Susan finally shows up muttering something about the 6 train. I gather my stuff and run out to the subway. I don’t have time to walk so I take two subways, two stops each to get to Columbus Circle. Ryan is rightfully frustrated. At least my shop neighbors are super friendly at Columbus Circle. For some reason at Bryant Park, no one talks to anyone!
It is cold! Despite all of my layers, I just can’t get warm. I watch the minutes go by ever. so. slowly. Slightly fewer questions here about the price. Talk to a really nice couple from Texas who bought from me last year and they need more ties this year. Have a few repeat customers from last week as well.
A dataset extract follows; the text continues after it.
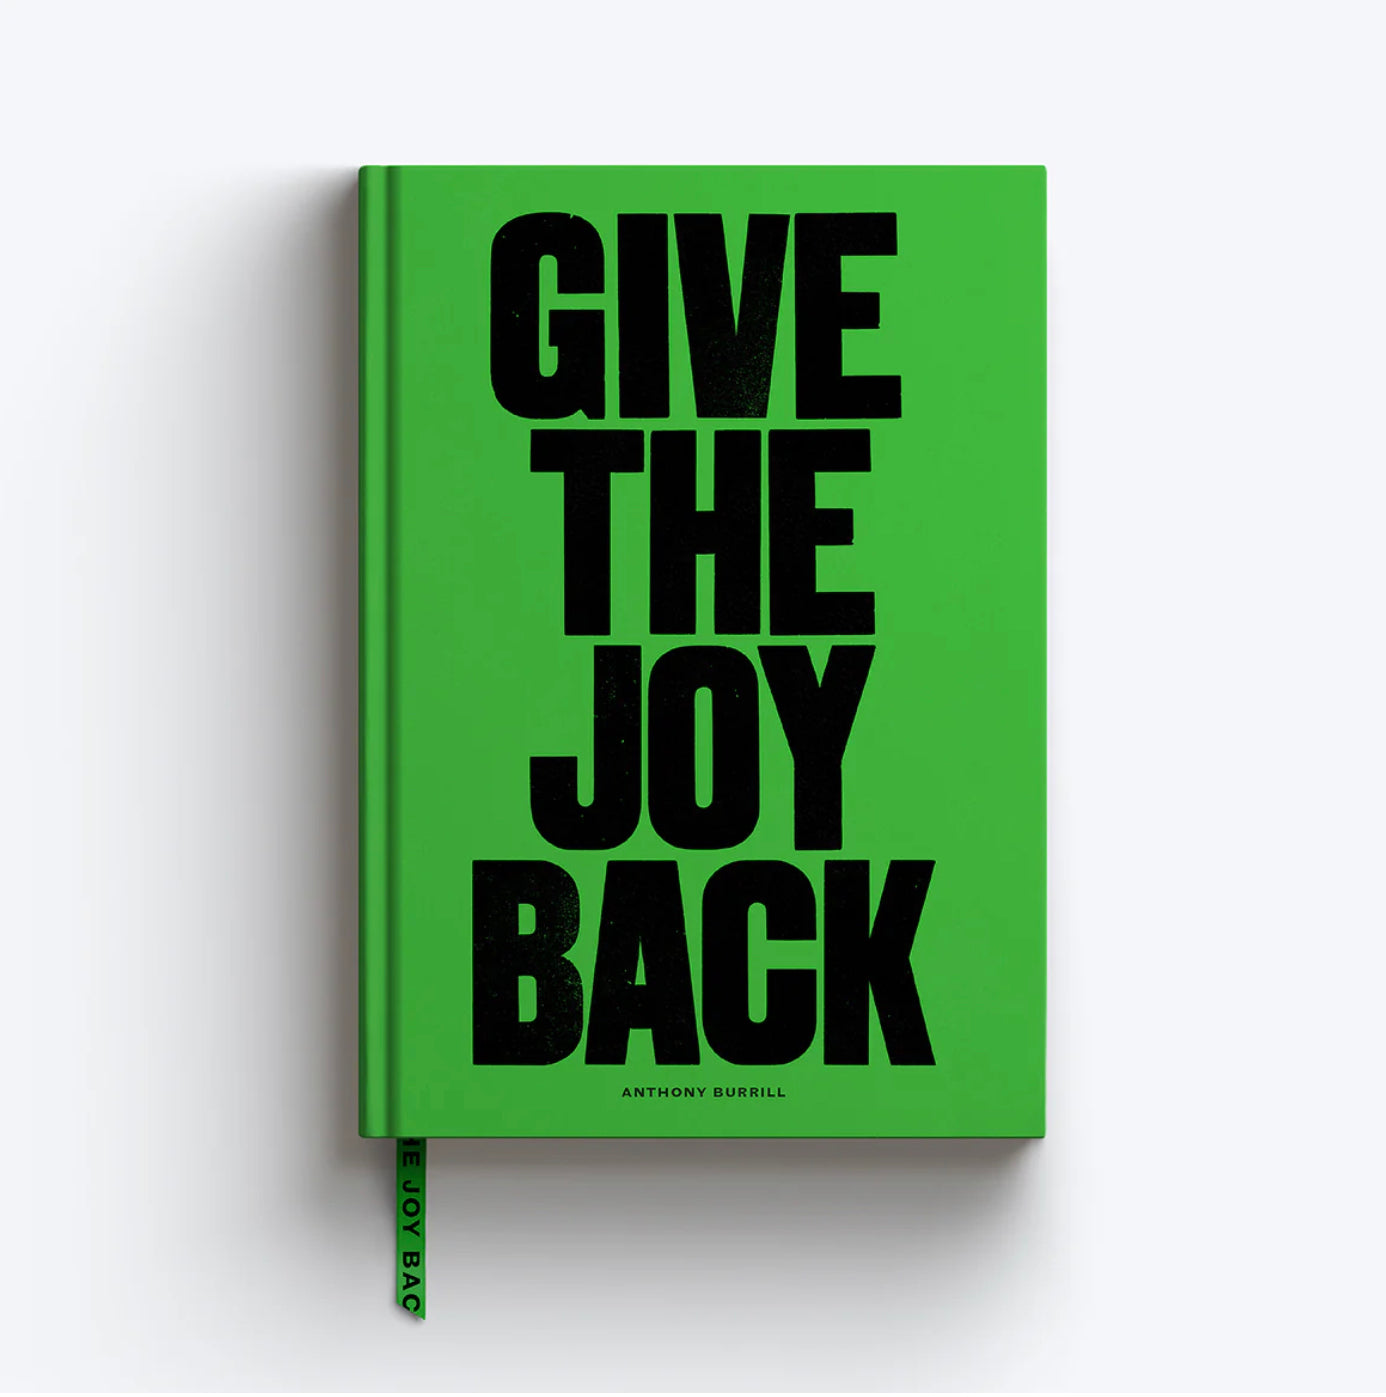 Give the joy back Anthony Burrill notebook

Keep getting play-by-play texts from Susan telling me every interaction she’s having. As I ask a customer to sign with their finger on my phone, I swiftly push her texts up so the customers won’t see them. My friend Michael stops by. He’s always such comic relief...He gets hoards of people into the tiny Columbus Circle pop up by telling people a mixture of, “Free ties,” “As seen on Oprah,” or “Please buy a tie so my kids can eat!” Of course, his spiel is way more extensive than I’m giving him credit for, but it makes everyone erupt into a fit of laughter (including all of my booth neighbors who have heard it for the zillionth time!)
I start tallying the online orders coming in. I have my work cut out for me tonight. This may be TMI but with this little tent structure, it’s soooo hard to go to the ladies room. I ask one of my neighbors to keep watch for me and I zip as fast as possible across three intersections into the mall. I go up to the third floor because there’s usually no line and the bathrooms are much cleaner. The feeling almost returns to my fingers before I’m back outside, heading back to my booth. The neighbor says some people wanted to buy something and they’ll be back. Shucks!
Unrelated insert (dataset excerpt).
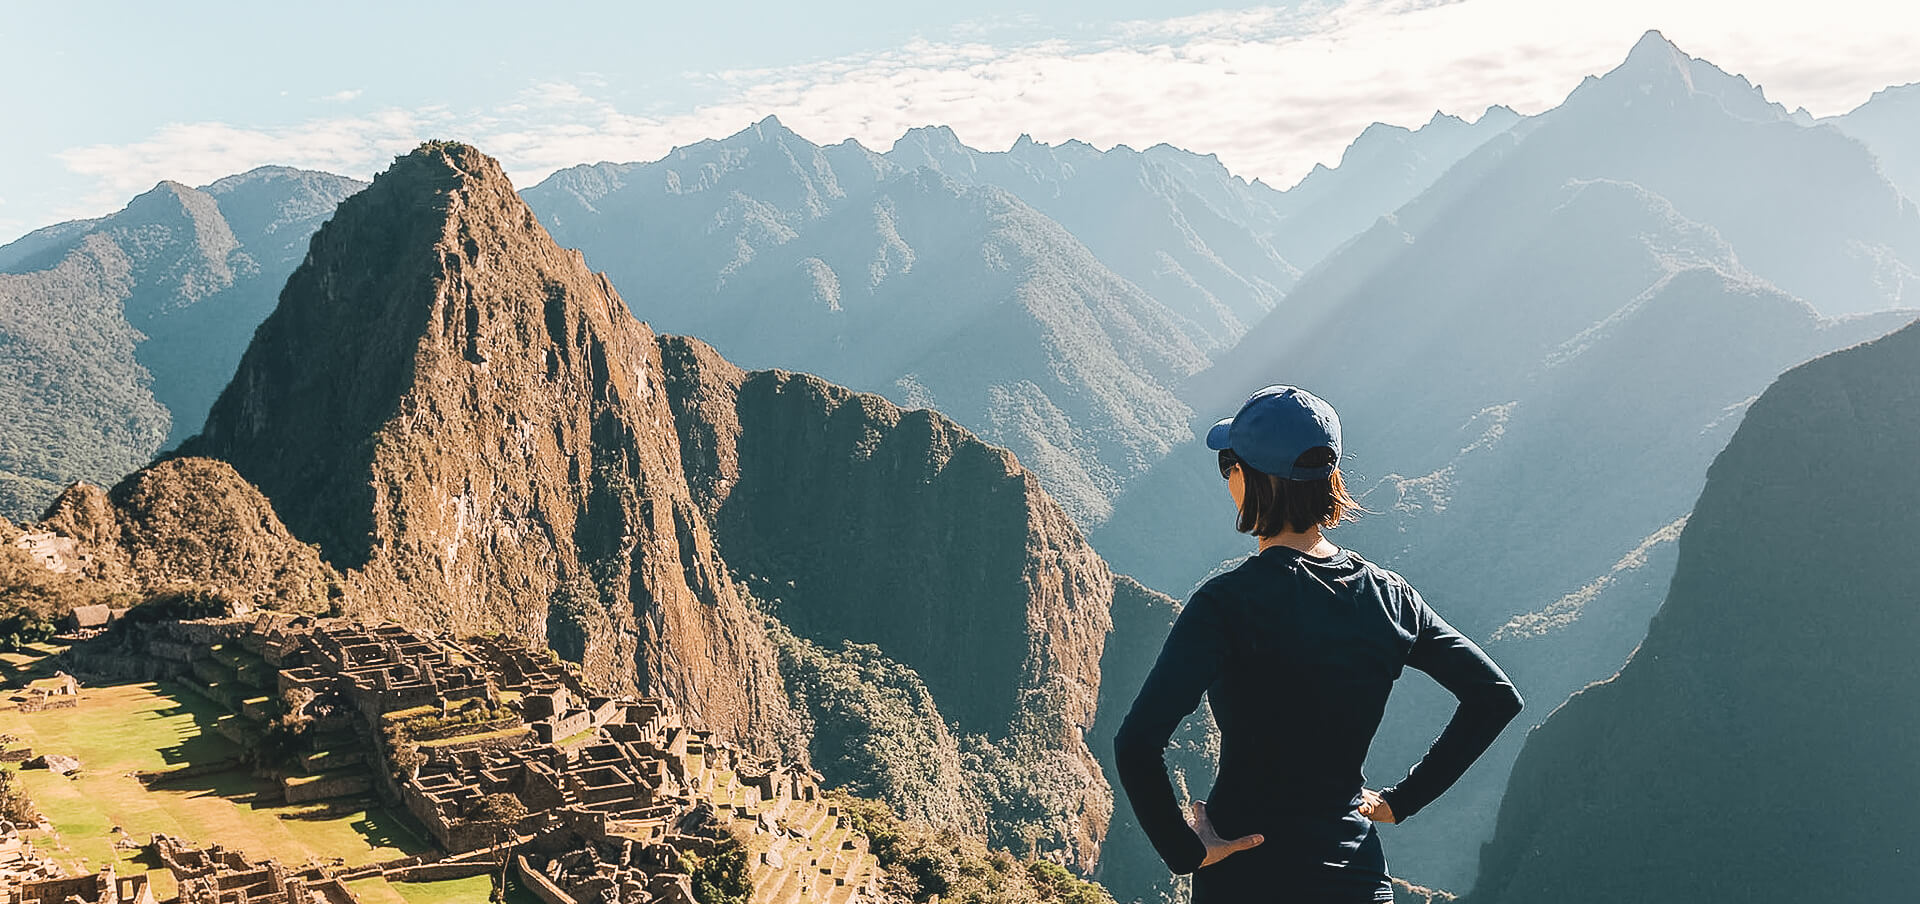 How long does its take to trek to Machu Picchu

OMG! This day is just not ending. Susan texts me asking if we have certain ties in these different colors. I tell her no, that the ties on display are the only options. I sell the last of a few of the designs, almost sad to see them go. A customer asks to take a picture with me because they saw me on “Billion Dollar Buyer.” She posts it once she leaves and tags me in it. I look tired, which is code for…sh*t. Only one more hour.
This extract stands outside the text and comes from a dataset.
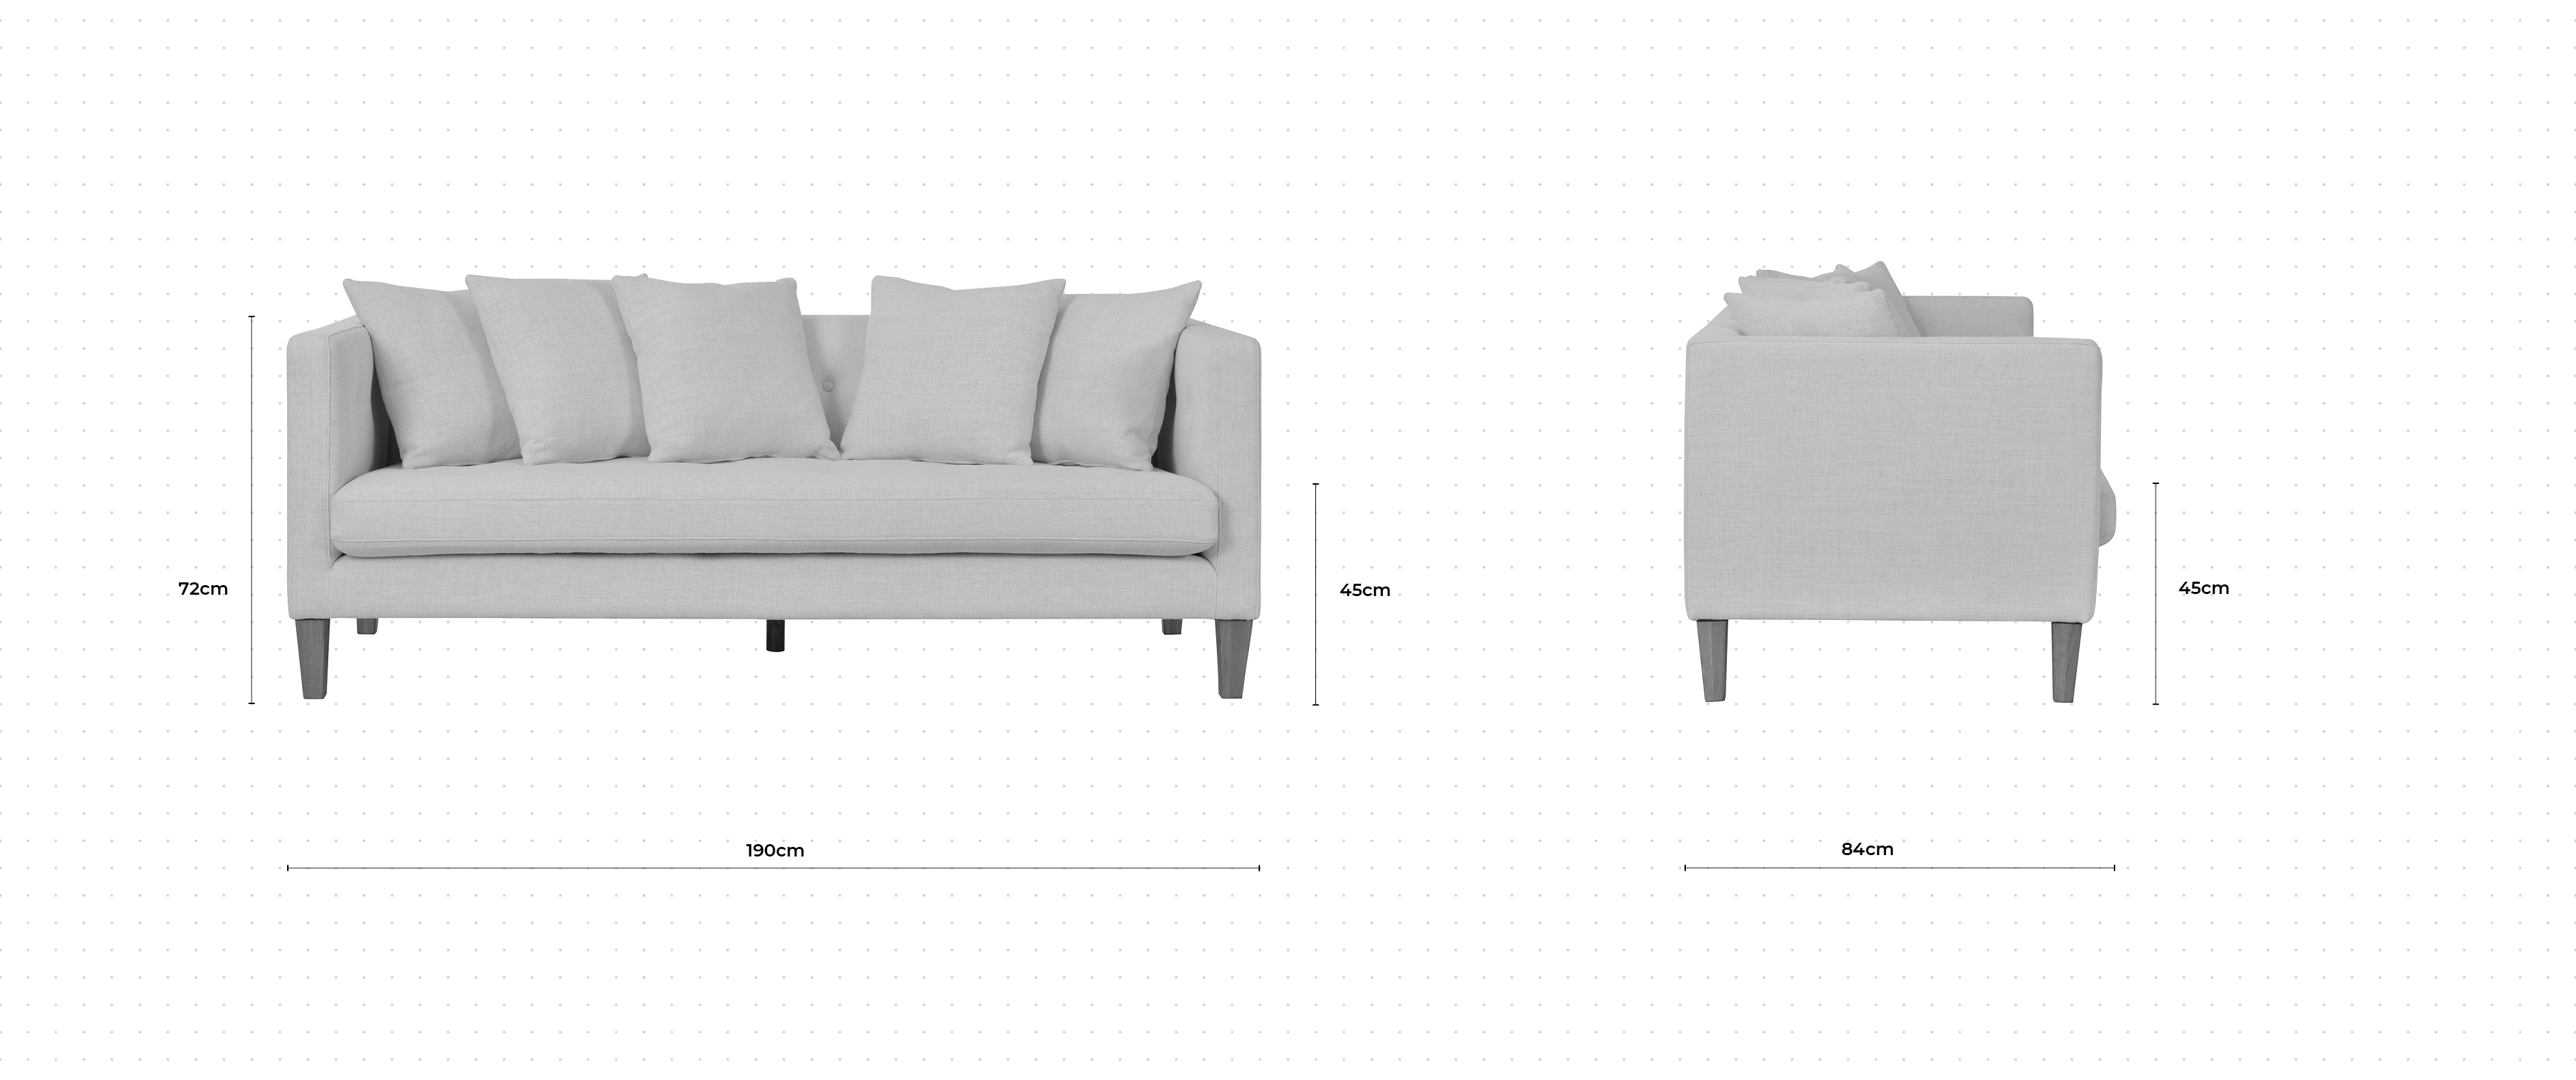 Dulwich 3 Seater Sofa dimensions

With Tilman Fertita during filming of Billion Dollar Buyer
We get an email from Urbanspace telling us market hours have been extended today until 9:00 PM. You can hear the sighs. The market has started to die down as people head to dinners, the theater, and into their warm apartments.
One more hour.
I start packing and tidying up. I make a list of what ties are needed here tomorrow, noting we are out of a bunch of styles. As soon as my phone says 9:00, I start the process of tying up the tent again, which is even harder now that the temperature dropped further!
It takes about 10 minutes and then I go back no less than two times to make sure it’s really closed! I text Alex to let him know I’m on my way home so that he knows timing for dinner.
I get home and Alex is excited to see me. I’m grumpy, tired, and cold. Dinner smells great and I appreciate the effort he’s put in with the grocery shopping, working his own full-time job, and cheffing. He hands me a martini. I take my computer to the dining room table and start the process of printing out UPS labels…nine windows per label! He puts the dinner on the table and I eat it while packing/printing.
Orders ready to go out!
I’ve packed everything. I sit down to watch “The Holiday” with Alex. My phone pings. Another order. I package it, print out the labels and settle back on the couch. Ping. Ping. “NO!!!” I cry out. Alex does not feel sorry for me. Not one bit. He said, “Once the holidays are over, you’re going to wish you had orders pouring in like this.” He was right. This continues until about 1:00 AM.
What you can’t see is the inside of the box is lined with our Re-Rack (red party cup) design!
I go to bed, make a to-do list of what inventory and other things I need to bring to restock both locations tomorrow. I turn on “Survivor” on my iPad. It’s been a busy day, but a productive one.